▶ [Action item]
Transcribe nothing except the lines below that run from the one with "スパーク行未来レディース Tシャツ 半袖" to the one with "始まり年次奇跡的な引直計算支援システムVer1.0.0", ends included, and do not copy any picture.

▶ [Study material]
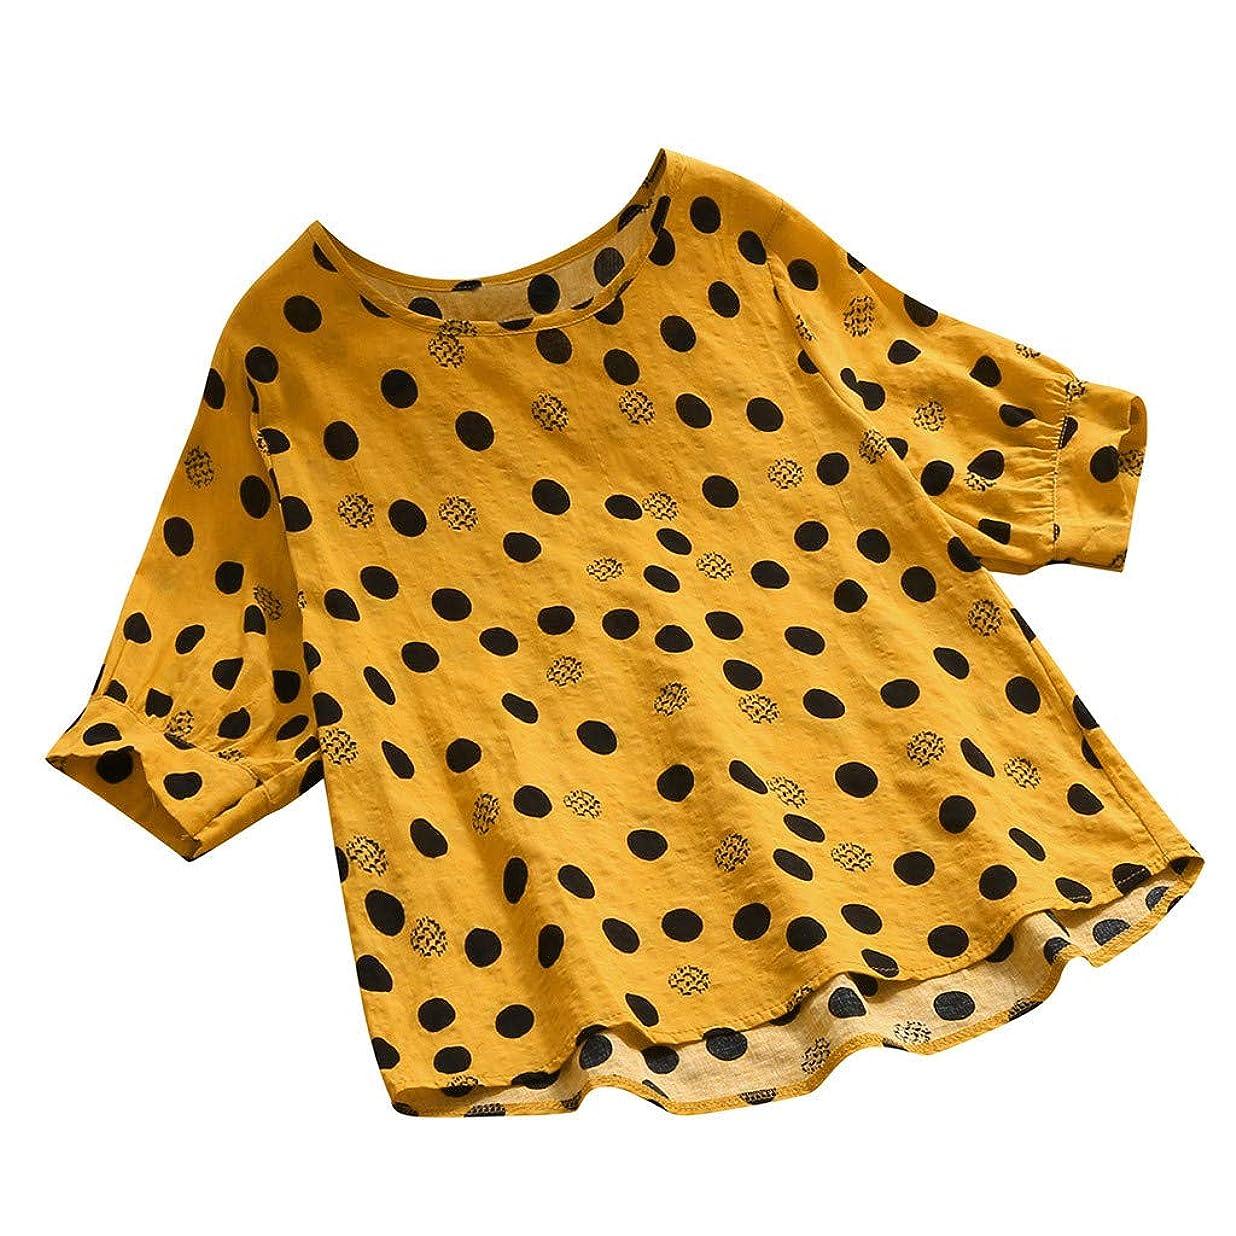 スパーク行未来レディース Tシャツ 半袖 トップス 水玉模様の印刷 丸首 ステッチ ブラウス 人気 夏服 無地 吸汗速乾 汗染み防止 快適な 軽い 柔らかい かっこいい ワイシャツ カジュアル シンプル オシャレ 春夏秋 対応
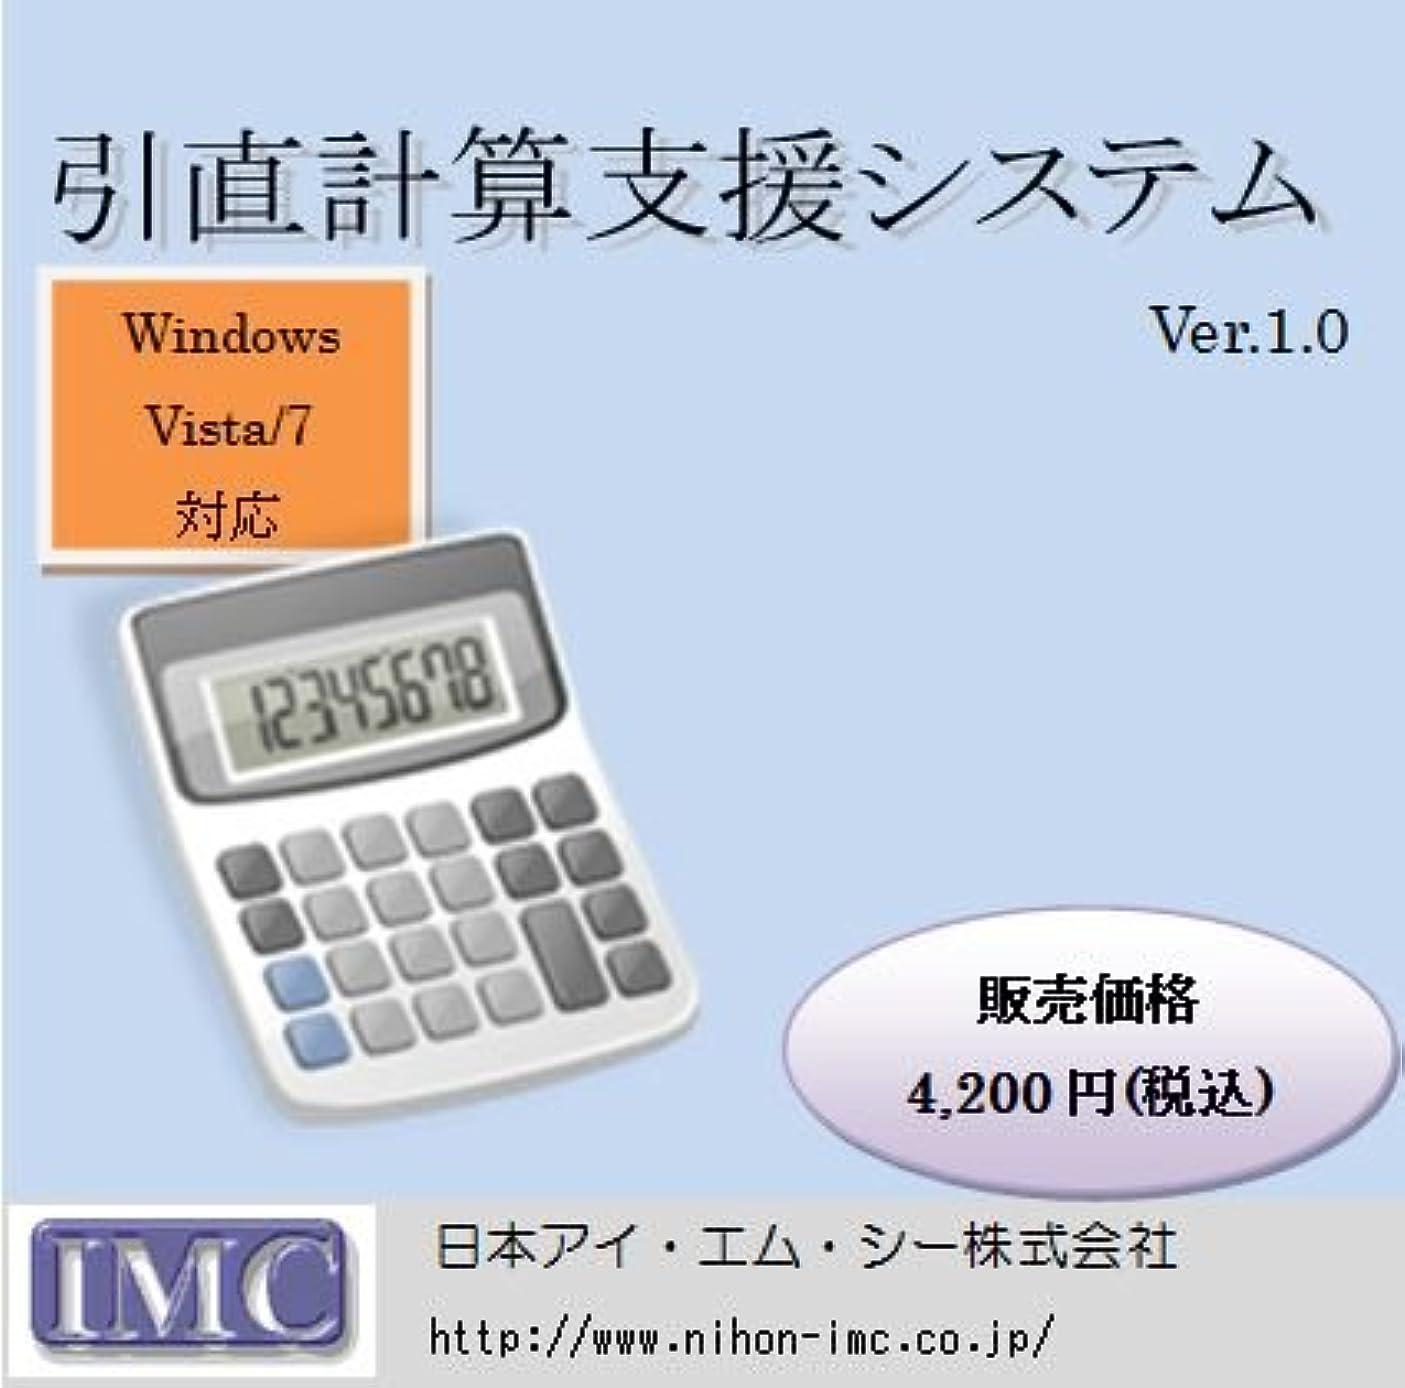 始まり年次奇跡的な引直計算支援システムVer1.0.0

==

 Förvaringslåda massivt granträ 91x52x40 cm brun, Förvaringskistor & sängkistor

...

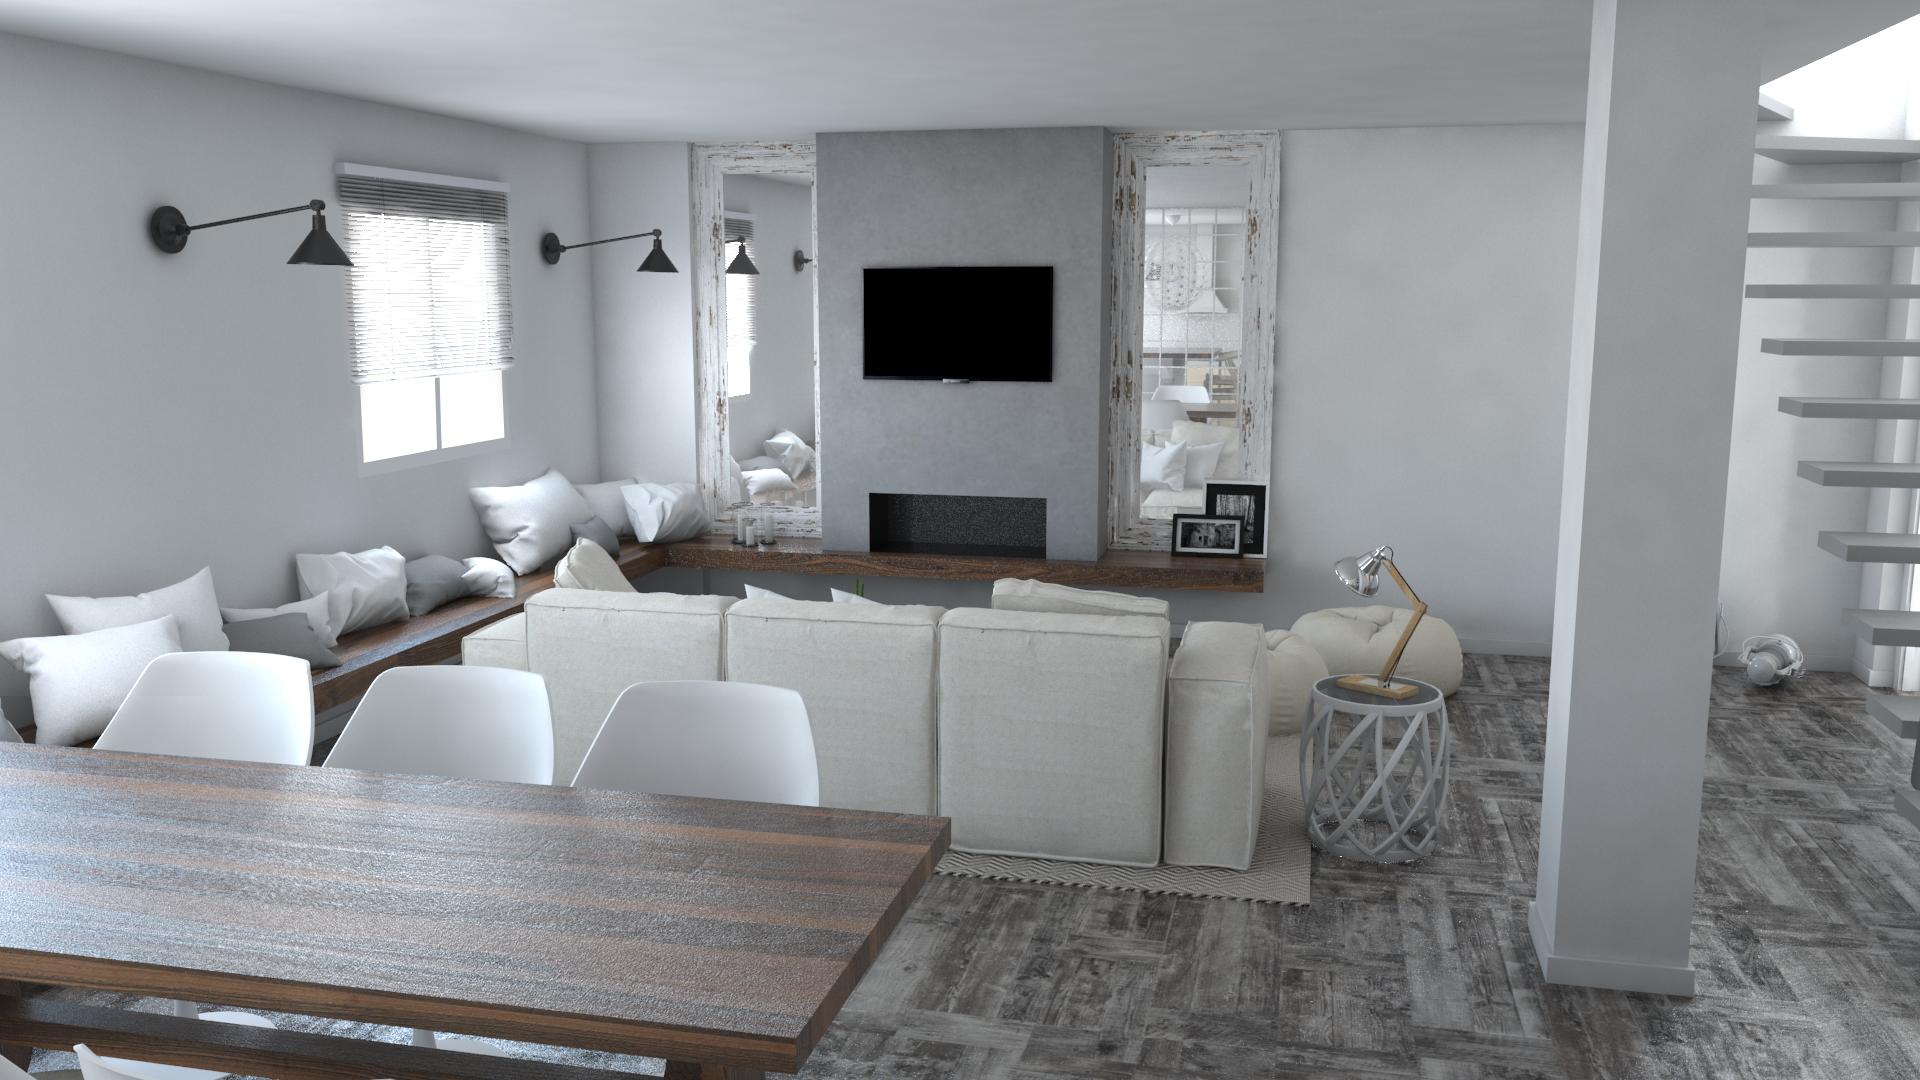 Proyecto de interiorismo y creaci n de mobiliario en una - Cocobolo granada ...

▶ [Solved problem]
 スパーク行未来レディース Tシャツ 半袖 トップス 水玉模様の印刷 丸首 ステッチ ブラウス 人気 夏服 無地 吸汗速乾 汗染み防止 快適な 軽い 柔らかい かっこいい ワイシャツ カジュアル シンプル オシャレ 春夏秋 対応
 始まり年次奇跡的な引直計算支援システムVer1.0.0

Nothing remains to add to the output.